Student Journey: Interview with Lillian Lee ’26

11 March 2025
Lillian Lee
Lillian Lee ’25

CCCE Assistant Director for Community Impact Erica Zweifel recently sat down with CCCE fellow Lillian Lee ‘26 to reflect on her journey working with local community engagement efforts during her past three years at Carleton. 

EZ: How did you learn about the CCCE and get involved?  

LL: In my first year at Carleton, I volunteered as an afterschool tutor at the Faribault RISE program with a CCCE fellow (Adi Satish ‘22) who told me that I should apply to work for the CCCE as a fellow. Having the opportunity to do more of it was exciting to me, so that’s why I applied.

EZ: What’s your motivation for this type of work?

LL: I think just general reciprocity is a good thing. I think it’s important to know the place you’re living and working in and be a part of it. Human connection is cool and when you’re removed from that, it’s kind of sad. I value being involved in the community, building relationships with people and getting to know my neighbors a little bit better.

EZ: You’ve been involved in a couple of different types of engagement through the CCCE: with an Academic Civic Engagement (ACE) class, being a volunteer, being a Fellow, being part of program work, and being part of more initiative work with the Housing Minnesotans Everyday (HOME) project. What are some of the highlights of those different types of engagement for you?

LL: My favorite thing is the small-town feel of Northfield; you get to know people in different settings. Someone who came in and spoke to my ACE class, I’m later meeting for coffee to talk to about housing. Someone I saw give a presentation at the Housing & Redevelopment Authority meeting island and then saw them again at the food shelf.

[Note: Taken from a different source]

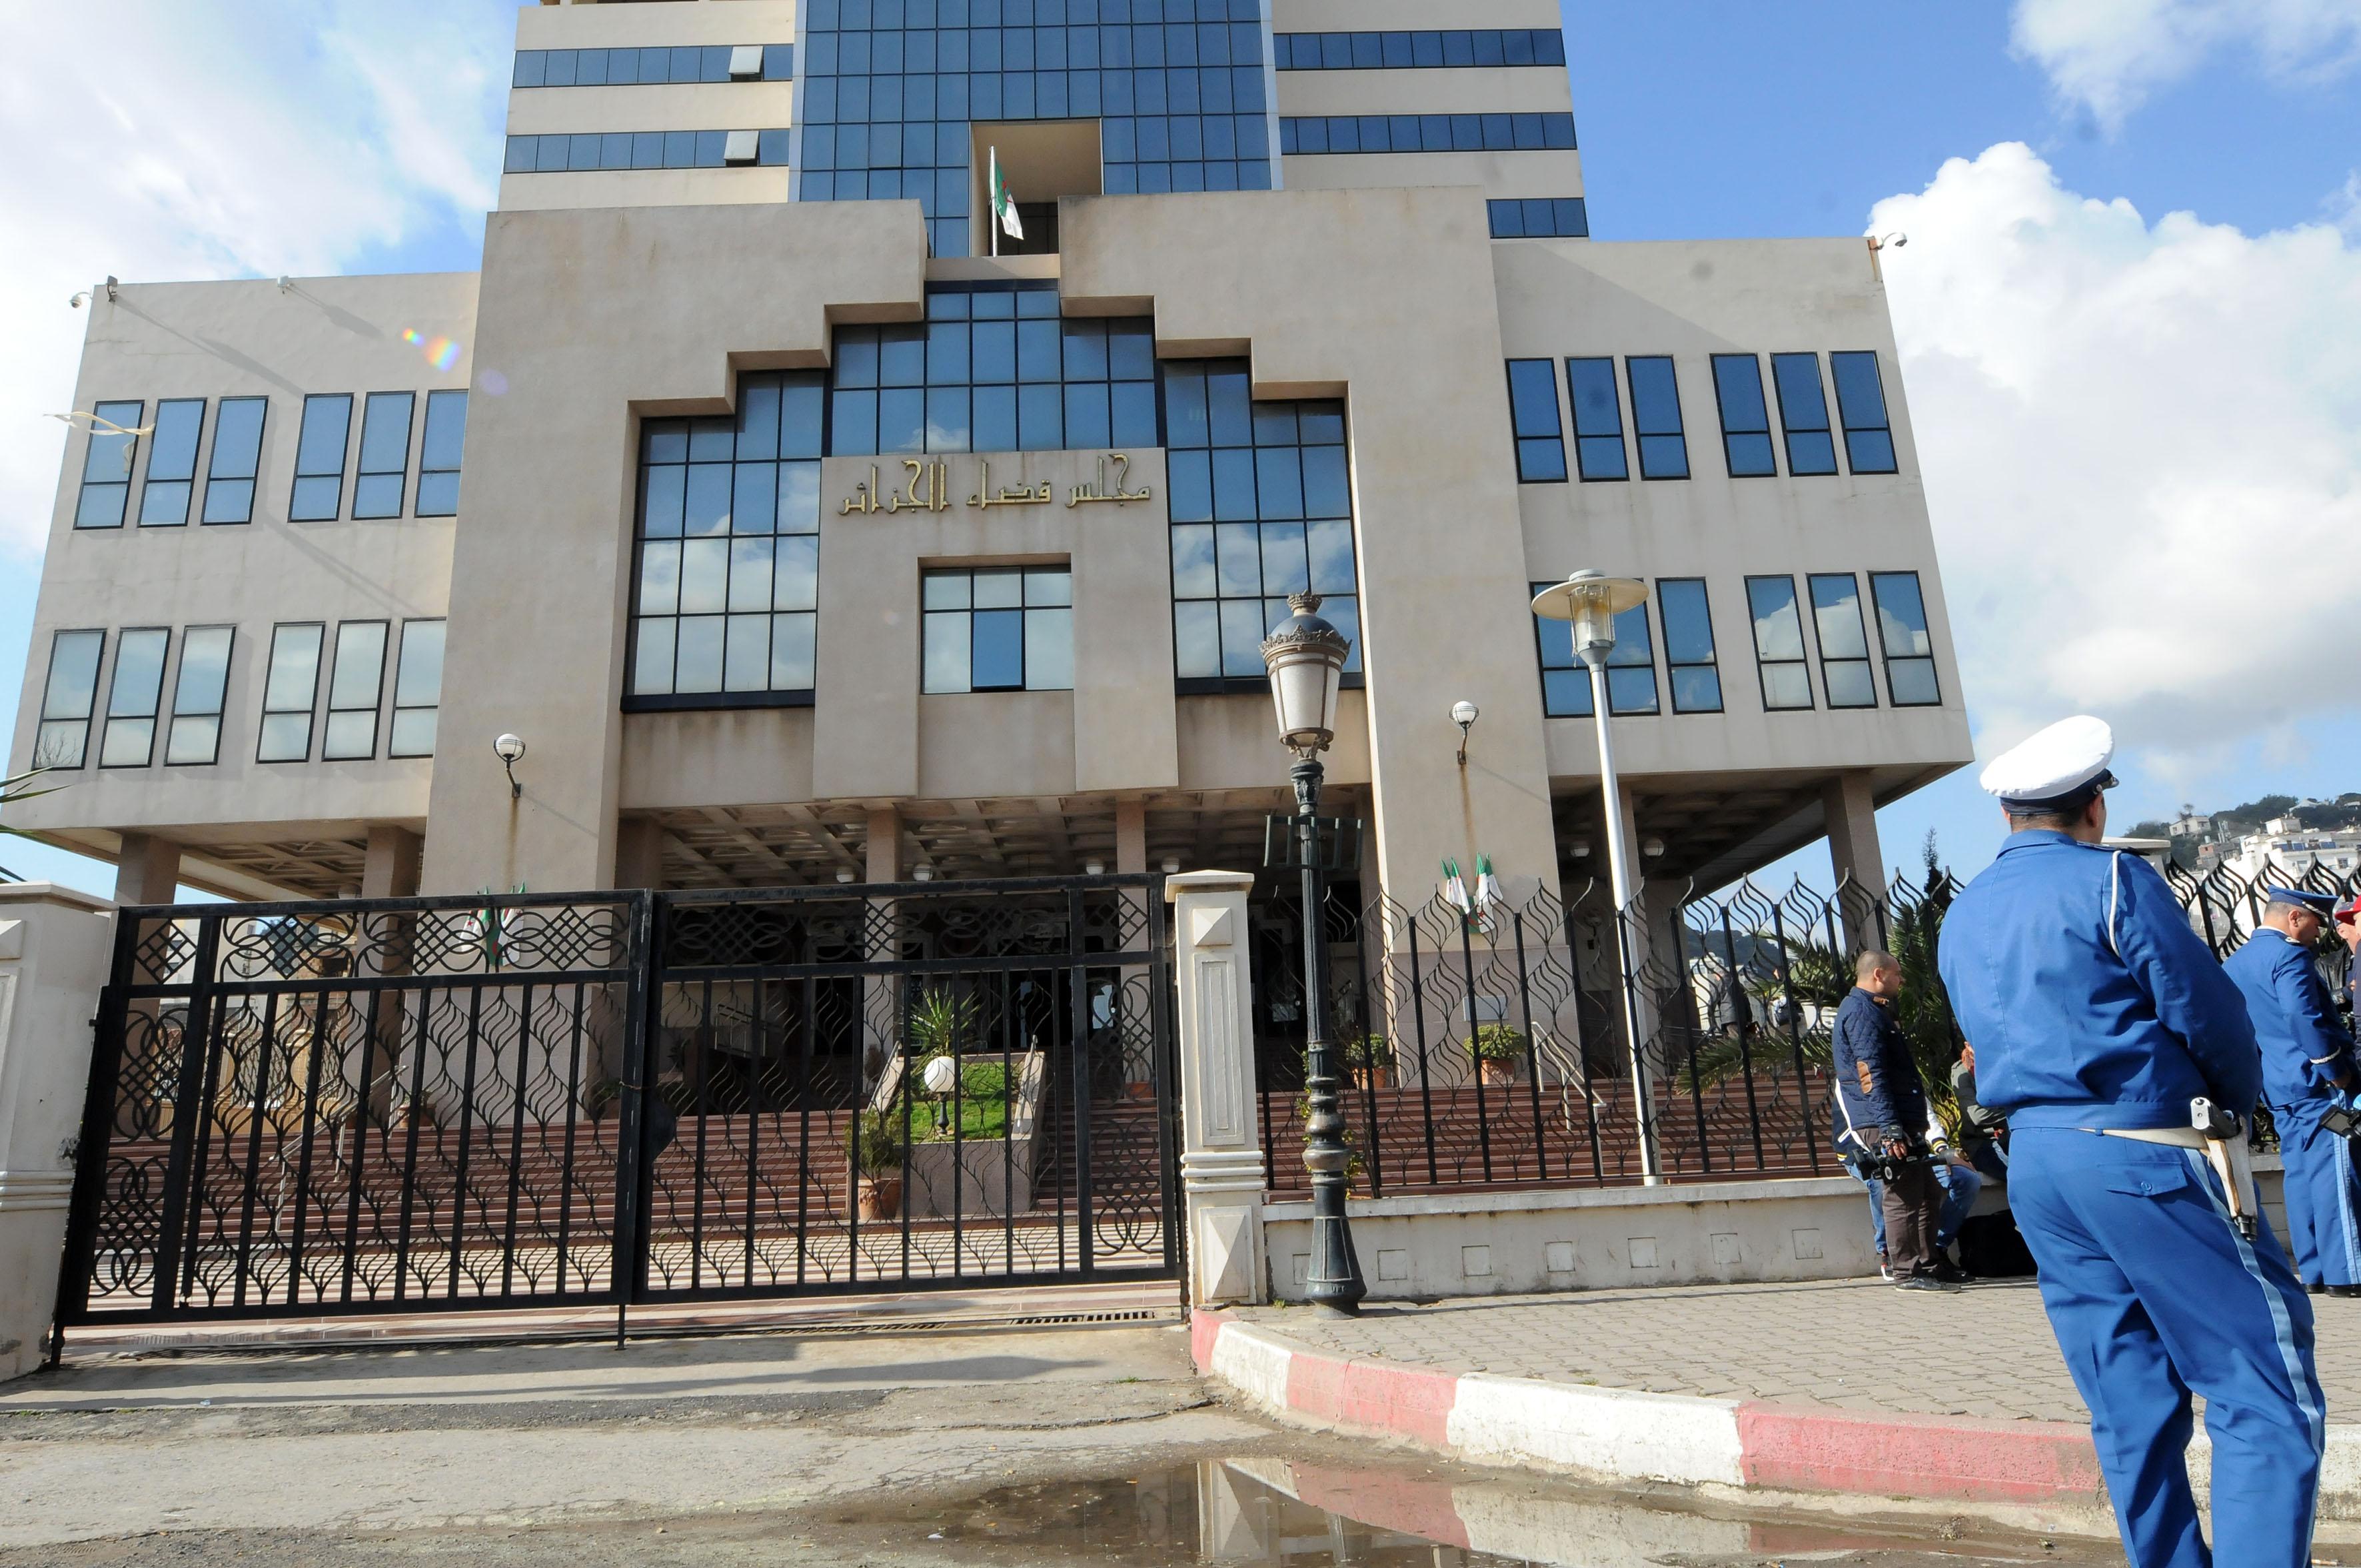 Le tribunal de Sidi M'hamed. New Press

You can get to know people across all these different contexts and build relationships with them. I think that’s awesome.

EZ: What surprised you most about community engagement work?

LL: I came from a bigger city where I felt sort of removed from the larger decisions that were happening. At Carleton, with the HOME programming specifically, it’s like everything that is happening you can watch unfold right in front of you. You can be involved as it unfolds right in front of you. I was thinking about the word accessible when you asked. If you have the time and the interest in going to meetings and following up with people, a lot can happen. 

EZ: One thing that we noticed as a CCCE staff is that you don’t just attend the meetings and the events, and receive information in a class. You take the time to follow up and create those relationships. This can be challenging yet you do it so well. What is your advice for students who want to go deeper into that relational work?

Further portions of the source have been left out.